Processing 11687 JSON files...
All JSON files processed and saved to list of dictionaries.

STEP 2: Ingest Documents

Let’s now store these NSF awards data in a Whoosh-backed sparse vector store. This is equivalent to supplying store_type="sparse" to LLM. However, we will explicitly create the SparseStore instance to customize the ingestion process for NSF data.
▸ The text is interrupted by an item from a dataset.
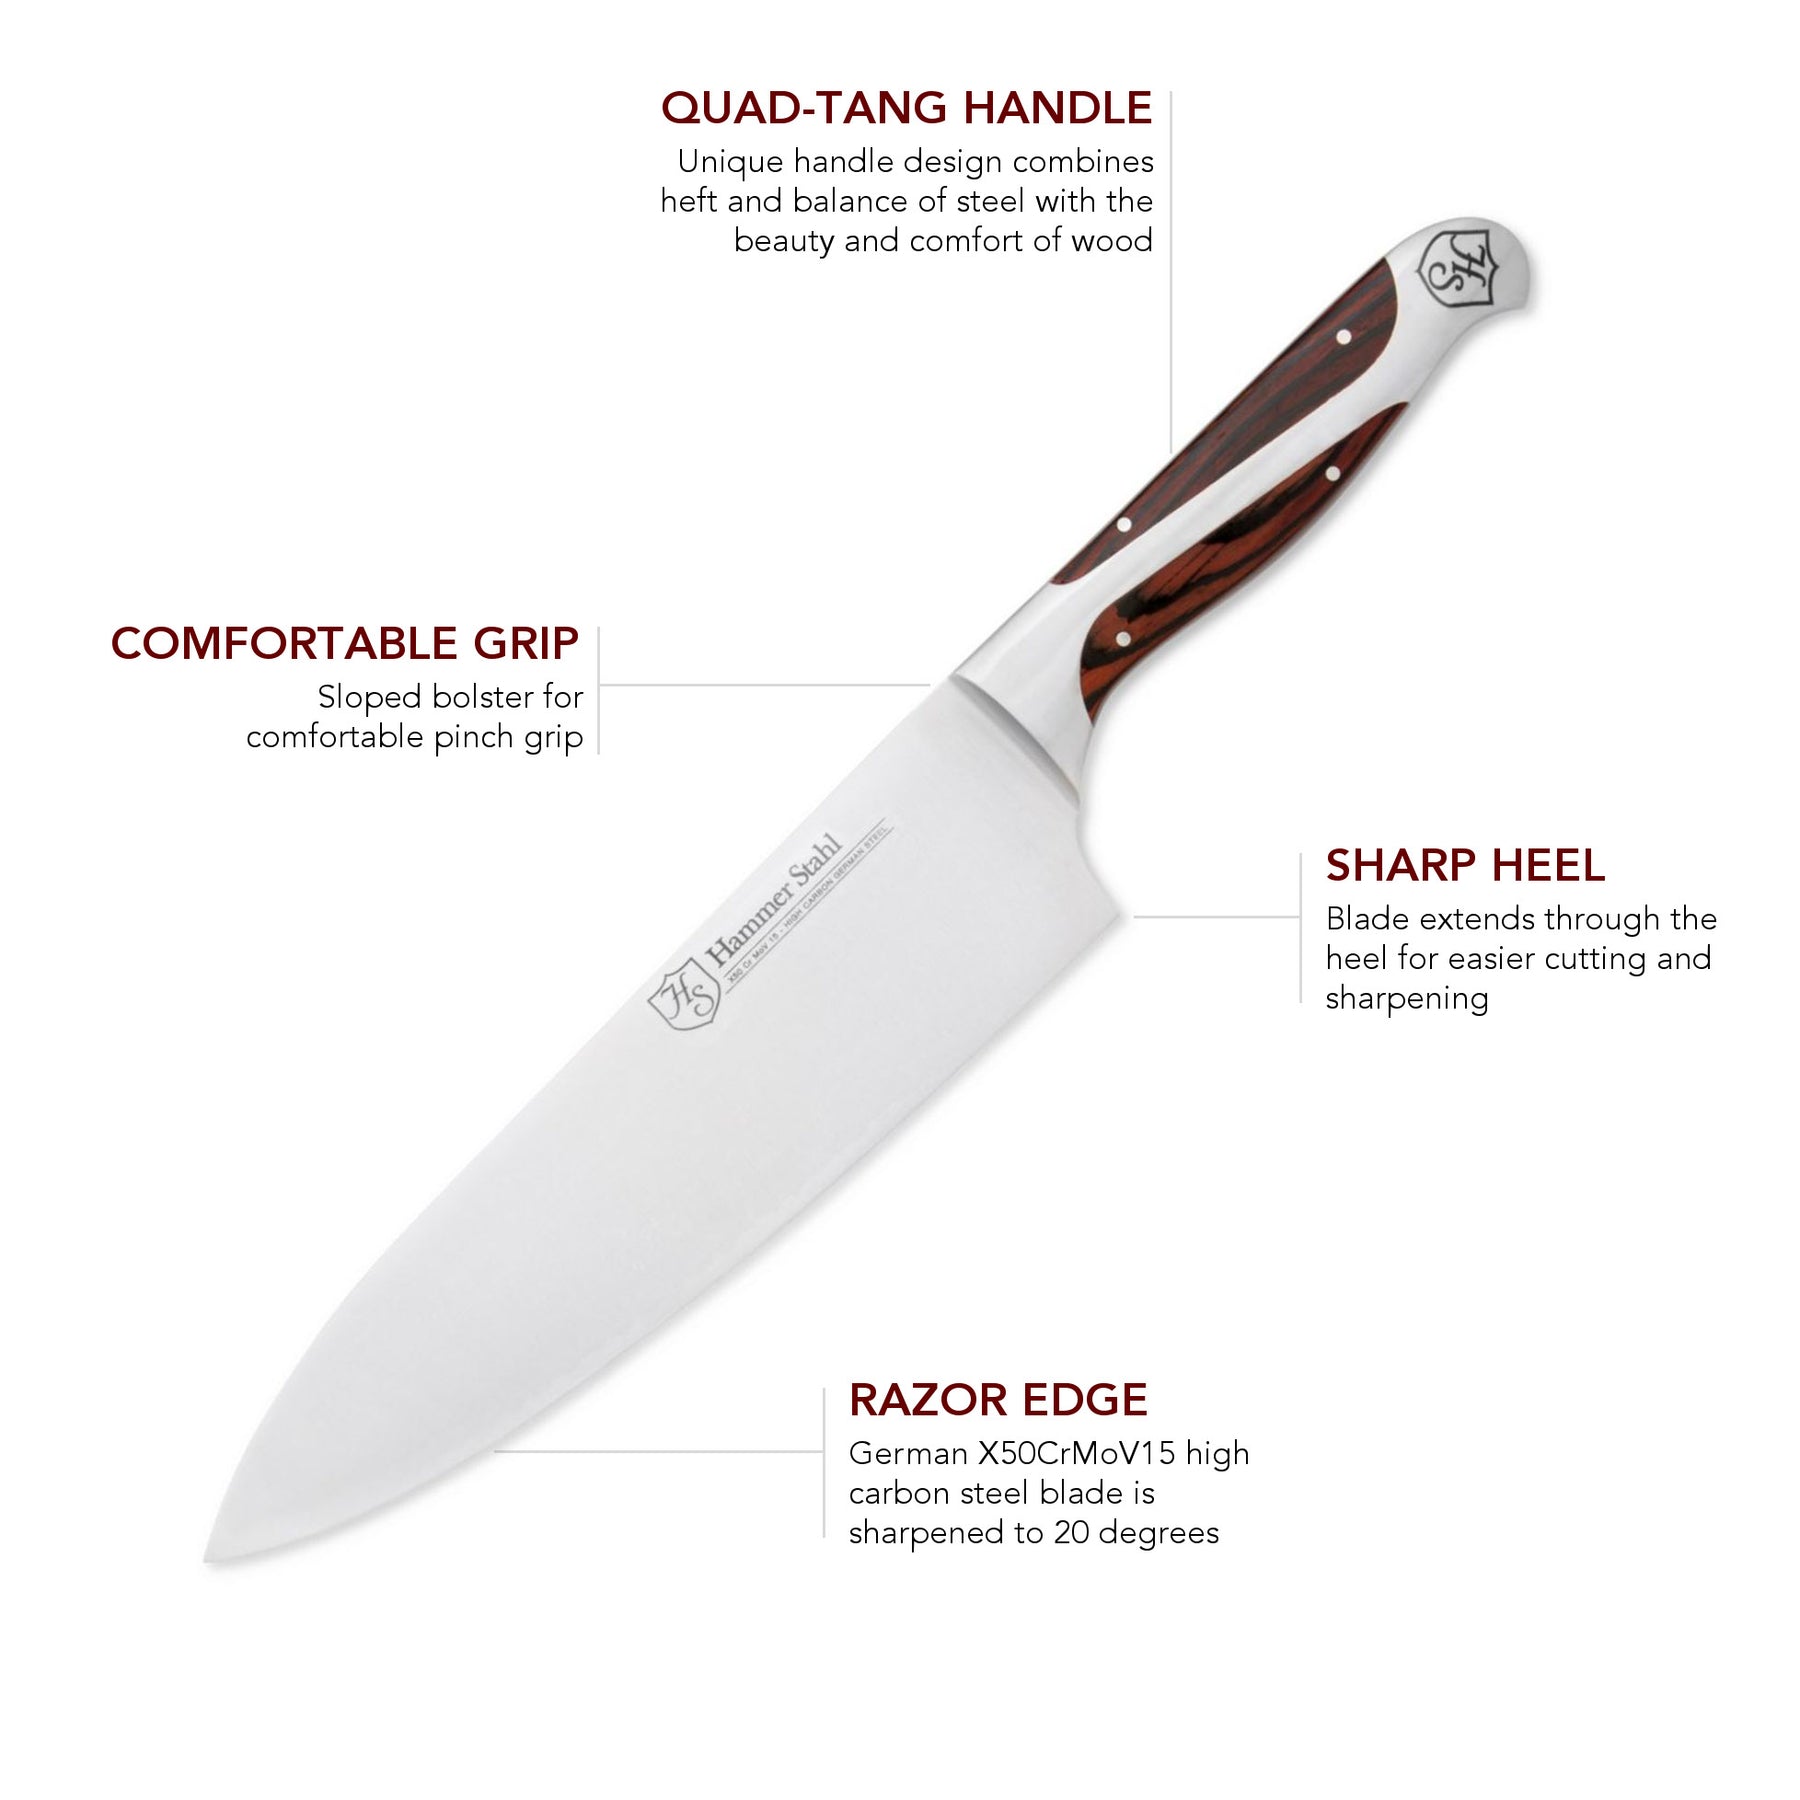 Heritage Steel 8 inch Chef Knife by Hammer Stahl
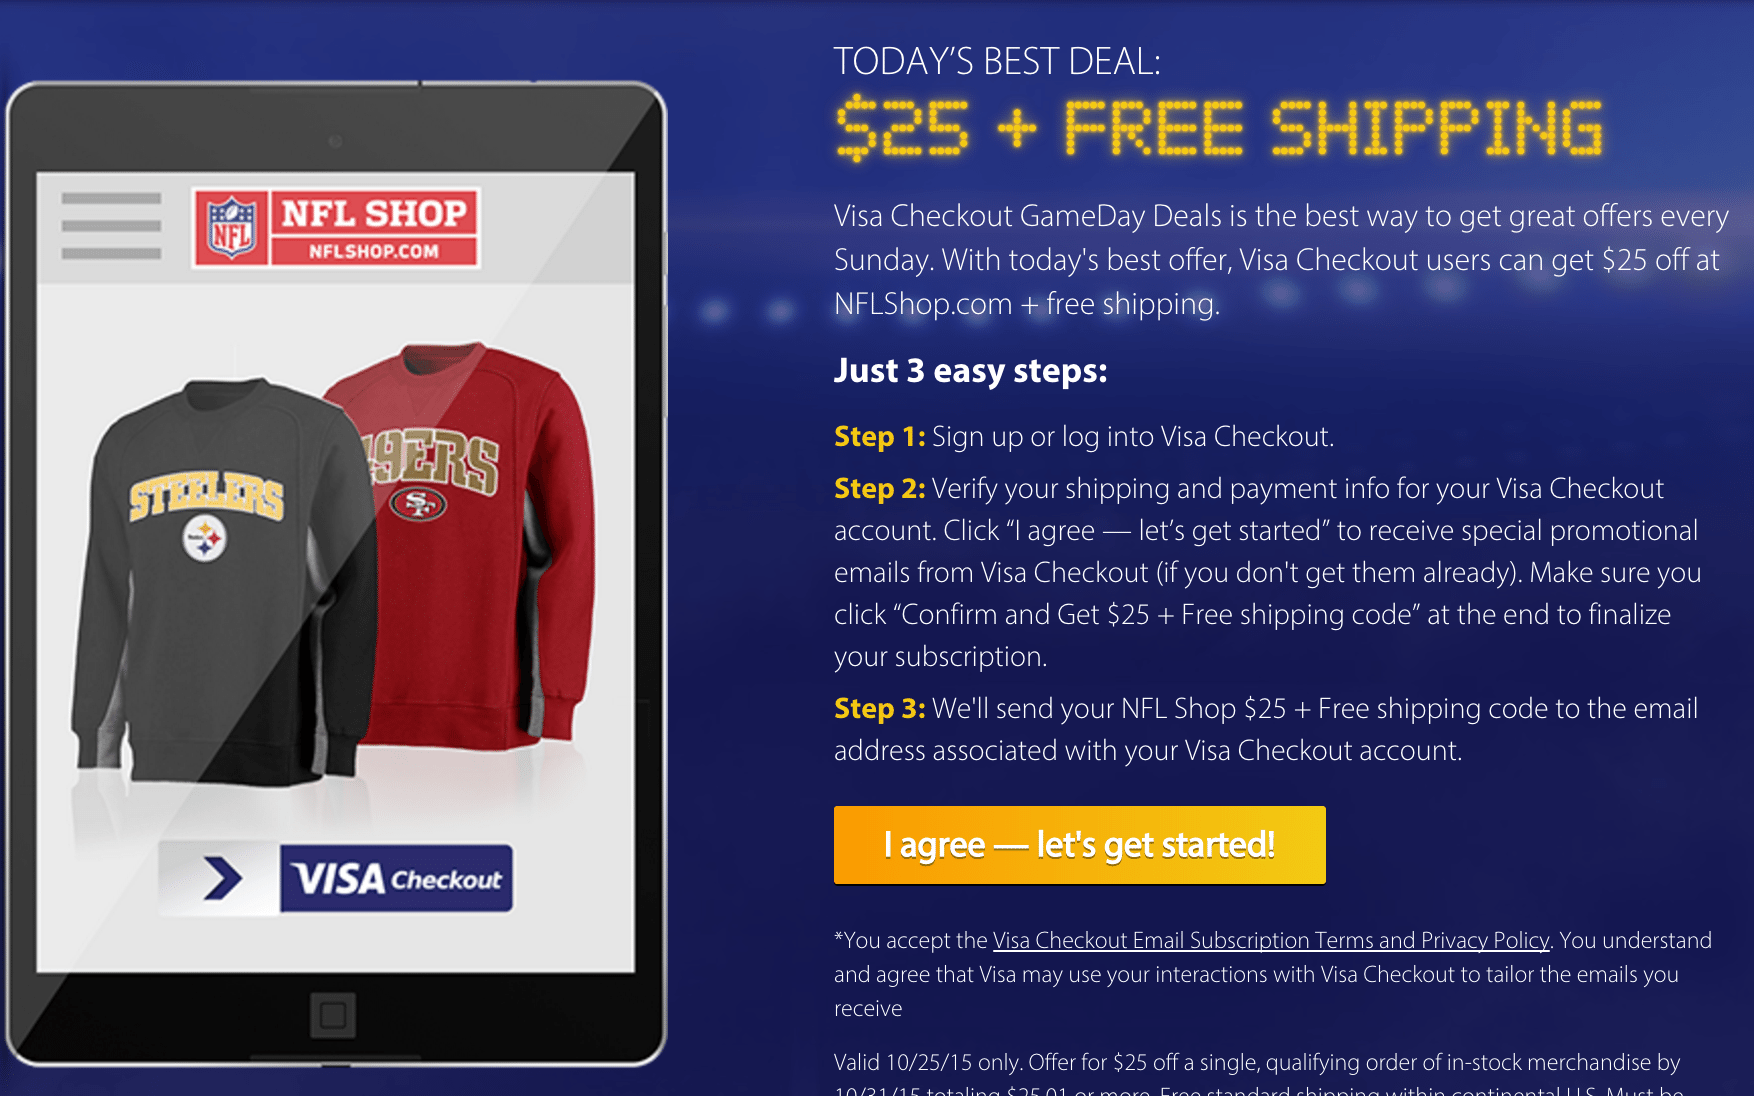 Free $25 at NFL Shops with Visa Checkout, Today Only - Doctor Of Credit

Since award abstracts are not lengthy, we will forgo chunking the document (e.g., using either onprem.ingest.chunk_documents or another chunking tool like chonkie) and instead store each award as a single record in the index.

from onprem.ingest import VectorStoreFactory, helpers, chunk_documents
store = VectorStoreFactory.create(
    kind='whoosh',
    persist_location='/tmp/nsf_store'
)
docs = []
for d in nsf_data:
    doc = helpers.doc_from_dict(d, content_field='abstract')
    docs.append(doc)
store.add_documents(docs)
100%|███████████████████████████████████████████████████████████████████████████████████████████████████| 11687/11687 [00:10<00:00, 1119.63it/s]

Let’s examine the total number of awards stored.

store.get_size()
11687

STEP 3: Explore NSF Awards

We can explore NSF awards by either using an LLM or querying the vector store directly.

The NSF buckets awards into different catgories. Let’s examine all the material-related categories.

set([d['category'] for d in store.search('category:*material*', limit=100)['hits']])
{'BIOMATERIALS PROGRAM',
 'ELECTRONIC/PHOTONIC MATERIALS',
 'Mechanics of Materials and Str',
 'SOLID STATE & MATERIALS CHEMIS'}

Let’s see how many of the material-related awards mention AI.

One of the advantages of sparse vector stores is the ability to easily use complex boolean queries to target specific documents.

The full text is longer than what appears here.